What if you could shape your dreams? What if you could point your nightmares in a happier direction and find relief from the distress?

No, it’s not science fiction; it’s a real subject of research—one that fascinates Michelle Carr, a newly appointed assistant professor in the Department of Psychiatry and Addiction at Université de Montréal.

Carr is interested in what she calls “dream engineering,” the use of techniques and technologies to influence dreams for therapeutic purposes.

Raised and educated in the state of New York, she developed an early interest in the power of dreams and their sometimes pernicious hold on the mind, something she experienced herself.

She remembers having frequent lucid dreams—a state in which the dreamer realizes they are dreaming—as well as frequent nightmares and occasional sleep paralysis, a state between sleep and wakefulness whre she couldn't move and had frightening hallucinations.

A transformative experience

One night, while at university, she had a lucid dream immediately after an episode of sleep paralysis. It was a transformative experience.

“I had been in the grip of a terrifying paralysis, and then I fell back into a deep sleep and knew that I was asleep, that I was dreaming,” she recalled. “It was an incredible sensation to feel I was inside my mind. And from that moment on, I was able to overcome almost all my sleep paralysis nightmares by using lucid dreaming.”

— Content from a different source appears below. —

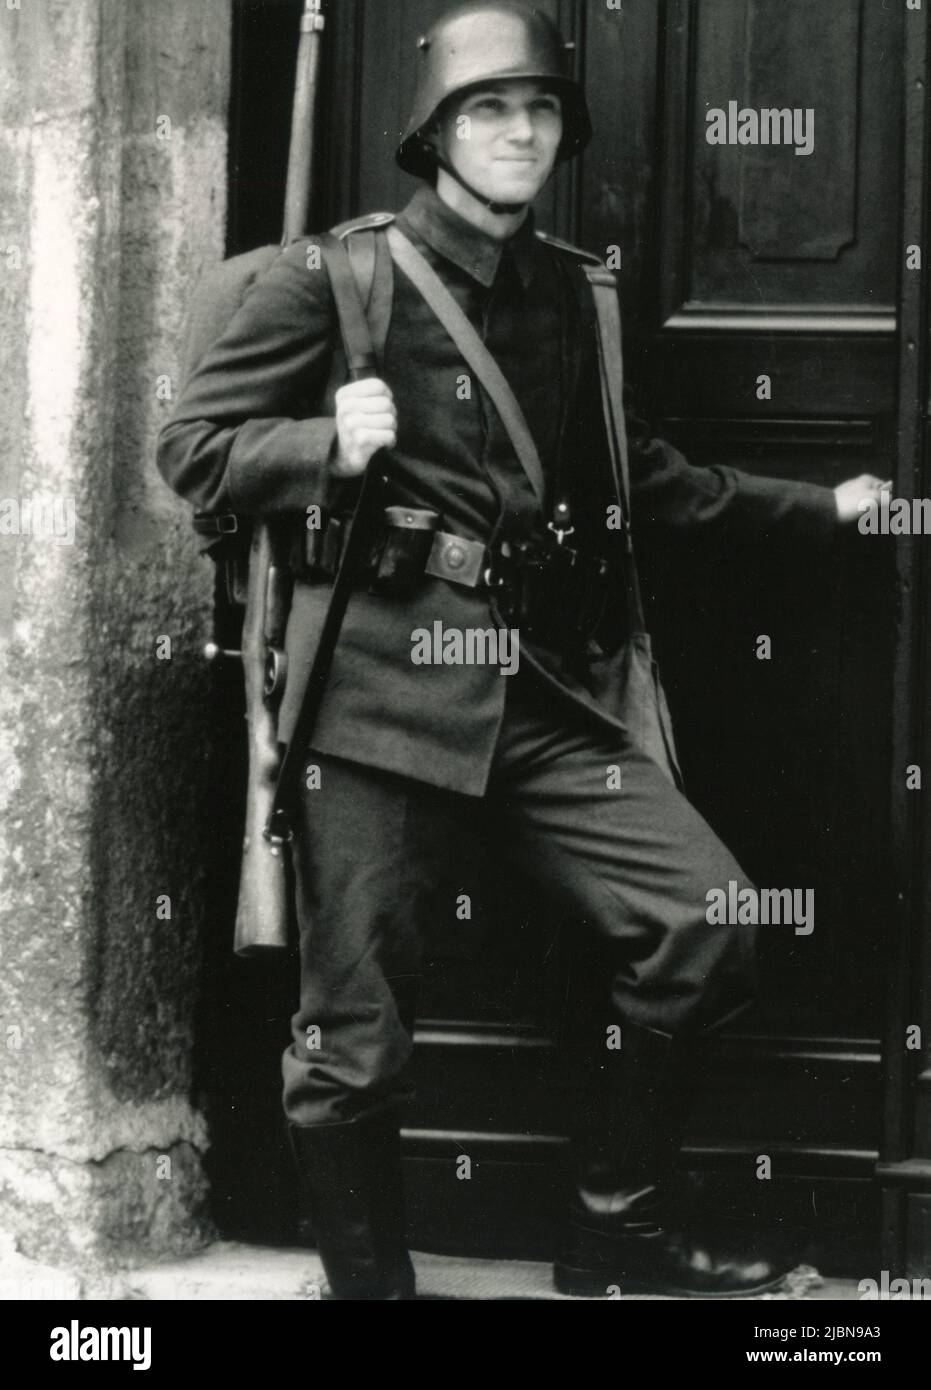 American actor Richard Thomas in the movie All Quiet on the Western Front, USA 1979 Stock Photo

Armed with a new sense of agency and feeling less fear, Carr continued her studies in psychology and neuroscience. She then decided to head north and pursue a Ph.D. in Canada, in the dreams-and-nightmares lab of Tore André Nielsen, a professor in UdeM's Department of Psychiatry and Addiction. She went on to do two post-docs at sleep labs in the U.K. and the U.S.

In the course of her post-doctoral studies, Carr found it was possible to influence the content of dreams.

One way to do it, she said, is to use your waking imagination, i.e. to train yourself to repeatedly visualize the desired outcome of the problematic dream. She added that almost any sensory stimulus—sound, light, smell—can modify the sleep experience.

It is also possible to combine these two approaches: during cognitive training, a beep is played to create an association with a positive dream. Then, when the beep is heard while asleep, it serves as a cue or reminder to modify the outcome of the dream.

'Stay calm, be curious'

“Dreams are influenced by us, by what we are feeling,” said Carr.

“If a dream frightens you, it becomes even more terrifying, but if you can stay calm, be curious and the dream will respond positively. Studies are increasingly showing that it is possible to connect the sleeping body with the dreaming mind.”

Carr is interested in applying this emerging field of dream engineering to psychiatry, since people with certain mental disorders have very specific dreams that can affect their well-being and recovery.

For example, people trying to kick a drug habit will frequently dream about using drugs. These dreams cause distress and increase their risk of relapse. Similarly, people with psychotic disorders may have dreams that increase their hallucinatory symptoms on awakening, and people suffering from PTSD often have intrusive nightmares.

“For these psychiatric cases, we believe that directly treating the dreams and nightmares can lessen the severity of symptoms and improve people's quality of life,” Carr said.

But this is still an emerging science. We need to carry out clinical trials and work closely with psychiatrists before we can hope to implement these types of interventions.”

That is precisely what Carr plans to do in her new position at Université de Montréal, an institution that, she said, has “quite unique expertise in dream science.”